> _Input for this task_
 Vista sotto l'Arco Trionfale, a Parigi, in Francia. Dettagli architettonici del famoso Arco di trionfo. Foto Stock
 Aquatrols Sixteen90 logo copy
---
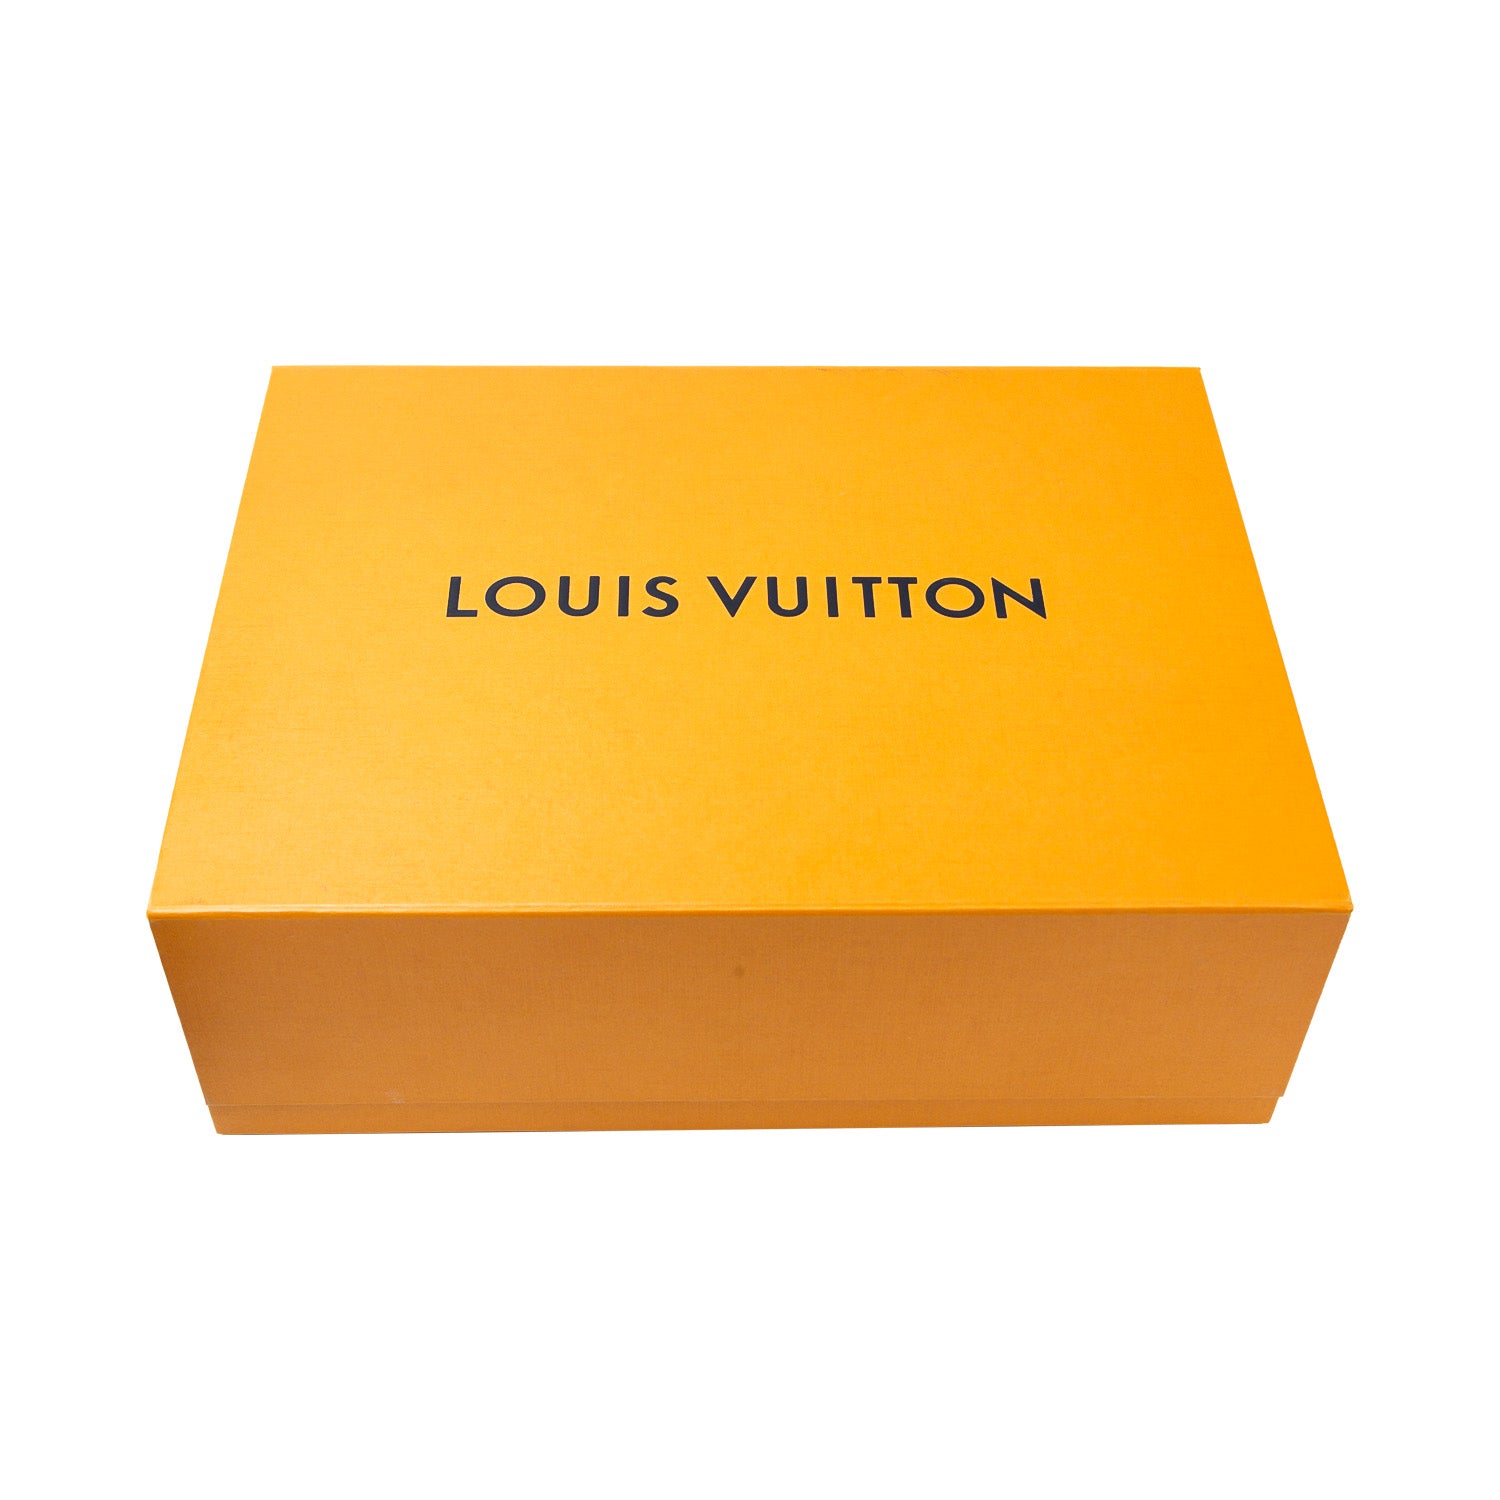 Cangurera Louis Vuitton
==
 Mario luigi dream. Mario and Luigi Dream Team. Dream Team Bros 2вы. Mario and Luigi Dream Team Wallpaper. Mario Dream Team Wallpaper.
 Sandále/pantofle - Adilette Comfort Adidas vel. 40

> _Assignment_
A verbatim transcription is needed of the lines above, starting at the line with "Mario luigi dream." and ending at the line with "Sandále/pantofle - Adilette", both included, and of nothing else.

> _Solution_
 Mario luigi dream. Mario and Luigi Dream Team. Dream Team Bros 2вы. Mario and Luigi Dream Team Wallpaper. Mario Dream Team Wallpaper.
 Sandále/pantofle - Adilette Comfort Adidas vel. 40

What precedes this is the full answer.